Here shows 2 Approaches to slove this problem: HashSet and Two Pointers.

# HashSet

We can use $\texttt{HashSet}$ to store linked list nodes.

1. Traverse the linked list $\textit{headA}$, and add each node in the linked list $\textit{headA}$ to the $\texttt{HashSet}$;

2. Traverse the linked list $\textit{headB}$. For each node traversed, check whether the node is in the $\texttt{HashSet}$.

• If the current node is Not in the $\texttt{HashSet}$, continue to traverse the next node;

• If the current node is in the $\texttt{HashSet}$, then all nodes starting from the current node are in the intersection of the two linked lists. Therefore, the first node traversed in the linked list $\textit{headB}$ is the node intersected by the two linked lists.

• If all the nodes in the linked list $\textit{headB}$ are Not in the $\texttt{HashSet}$, the two linked lists do not intersect and $\textit{null}$ is returned.

## Analysis

• Time Complexity: $O(m + n)$
• Space Complexity: $O(m)$

# Two Pointers

If $\textit{headA}$ or $\textit{headB}$ is empty, they cann’t intersect each other.

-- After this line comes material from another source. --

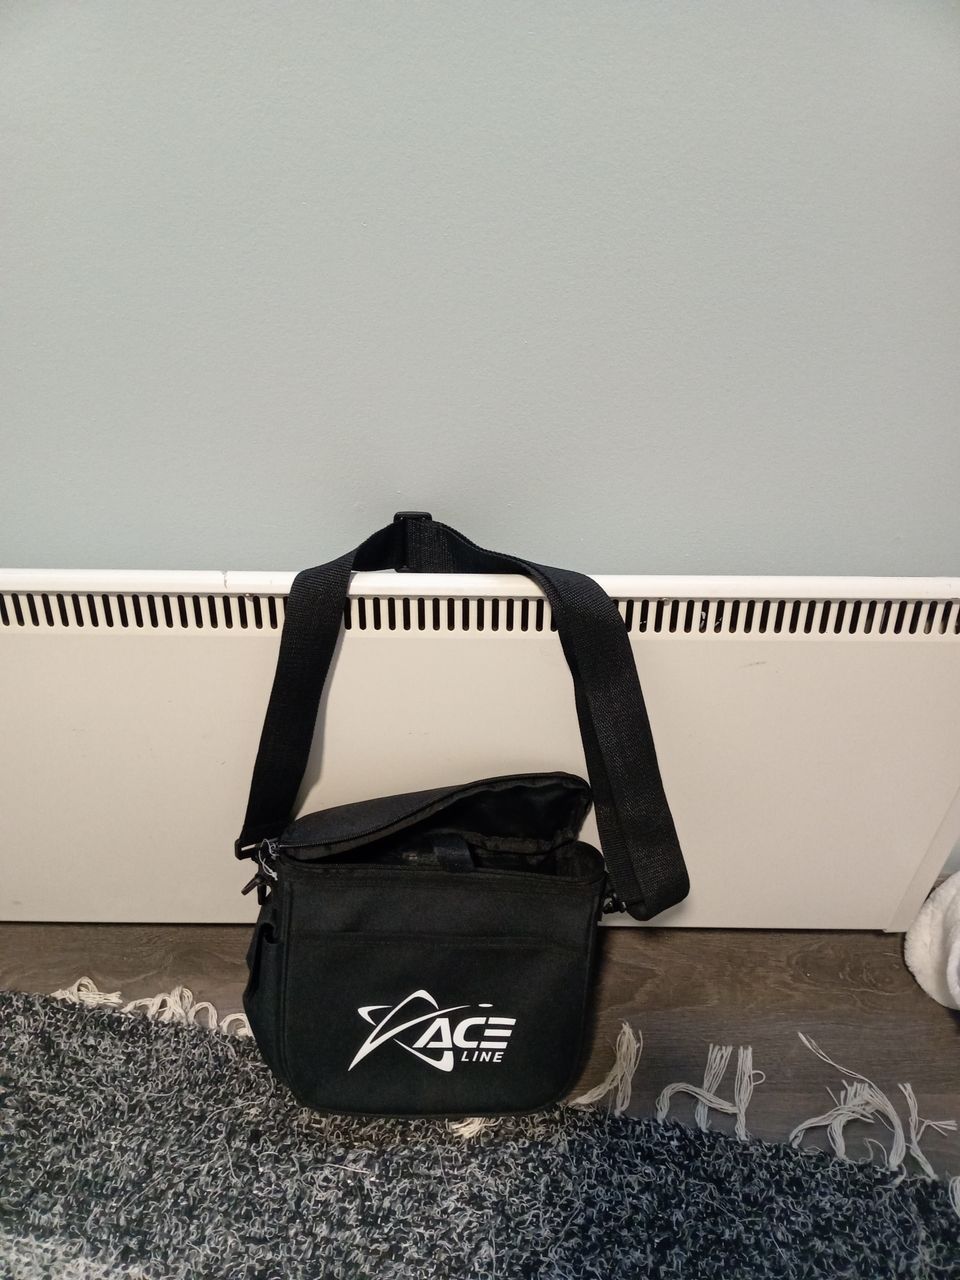 Prodigy Ace Starter bag

If both $\textit{headA}$ and $\textit{headB}$ are not null, we can use Two Pointers $\textit{pA}$ and $\textit{pB}$ which point to the head nodes $\textit{headA}$ and $\textit{headB}$.

Then traverse each node of $\textit{headA}$ and $\textit{headB}$ with $\textit{pA}$ and $\textit{pB}$.

• We needs to update the pointers $\textit{pA}$ and $\textit{pB}$ at the same time.

• If the pointer $\textit{pA}$ is not null, move the pointer $\textit{pA}$ to the next node; If the pointer $\textit{pB}$ is not $\textit{null}$, move the pointer $\textit{pB}$ to the next node.

• If the pointer $\textit{pA}$ is null, move the pointer $\textit{pA}$ to the head node of the linked list $\textit{headB}$ ; If the pointer $\textit{pB}$ is null, move the pointer $\textit{pB}$ to the head node of $\textit{headA}$ .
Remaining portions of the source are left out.